Scaling Document Retrieval with Ray Data
Enhance content-based search capabilities using Ray Data's scalability and efficiency. Scale up embedding generation and hosting vector databases with Ray.
! pip install chromadb==0.4.6
import uuid
from pathlib import Path
from time import sleep
import chromadb
import numpy as np
import openai
import pinecone
import ray
from InstructorEmbedding import INSTRUCTOR
from ray import serve
Roadmap to scaling content-based search with Ray
Much of the power of LLM-based apps comes from the “zero-shot” capabilities of the models – the ability of powerful LLMs to successfully use data, tools, and goals that they weren’t specifically trained on.
The most common way of providing new data, tools or goals is via prompt engineering or placing relevant information in the prompt.
Context window
LLMs have a limit to the size of the prompt they can work with – this size or space is a called the “context window” and has historically been limited by the model architecture or processing cost.
Document retrieval
In order to provide the most relevant bits of information to the LLM within a finite context window, we typically use one or more data sources to select relevant records (based on the prompt) out of the large pool of information we have.
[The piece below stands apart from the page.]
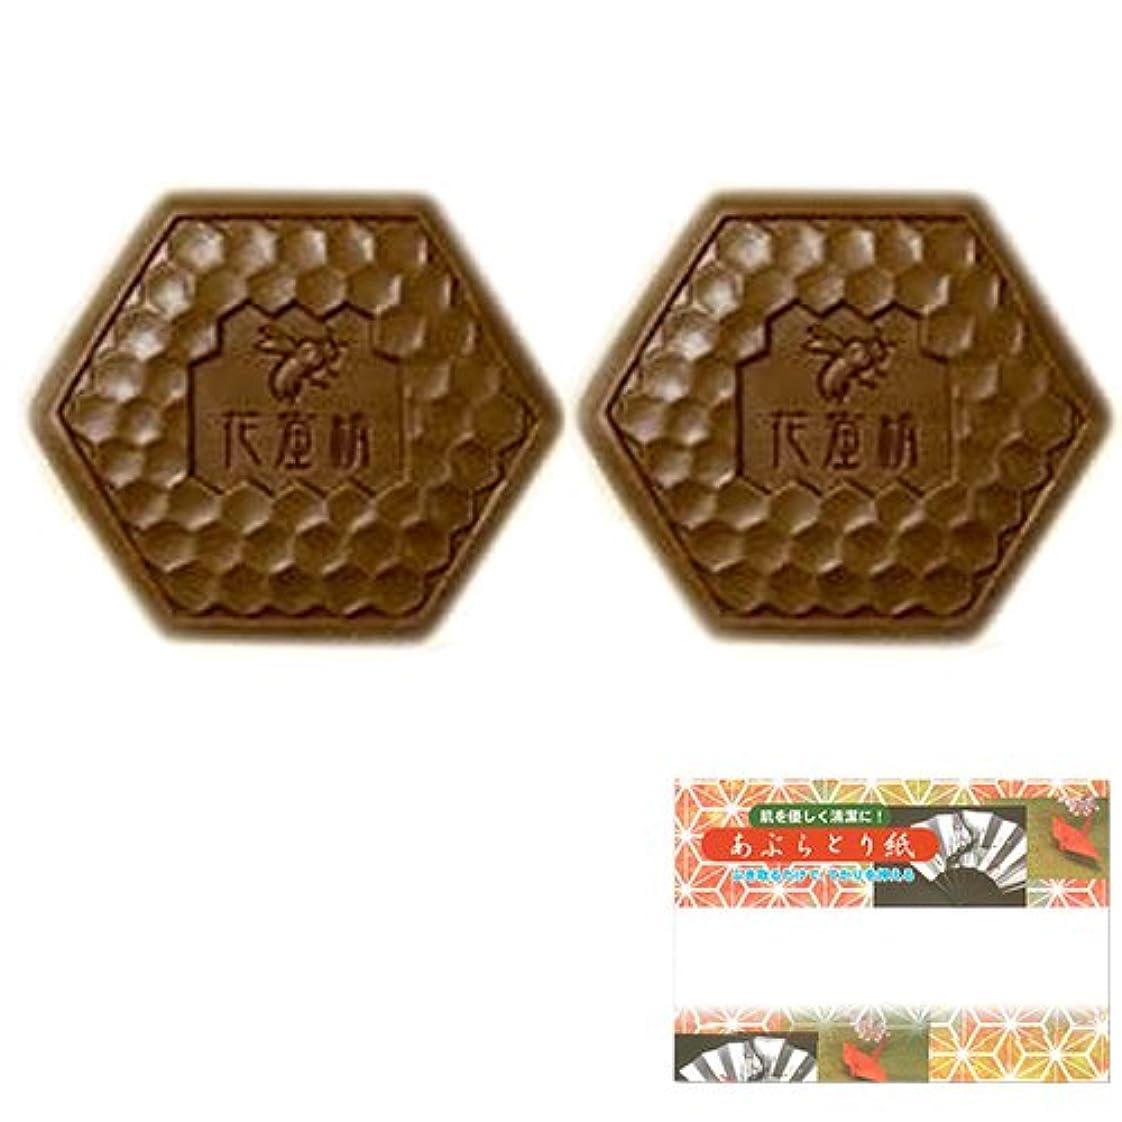 偉業ホース興味フェニックス 花蜜精(かみつせい) はちみつ クレンジングソープ 2個 + 高級あぶらとり紙セット

Although there is a lot of research on expanding the context window to very large or even unlimited sizes, it will probably remain effective (with the currrent generation of models) to select specific responsive data and feed that to the model in order to get the best results.
Retrieval Augmented Generation (RAG)
RAG is the shorthand for this pattern: using generative models to produce output, but improving or guiding that output by placing relevant information in the prompt.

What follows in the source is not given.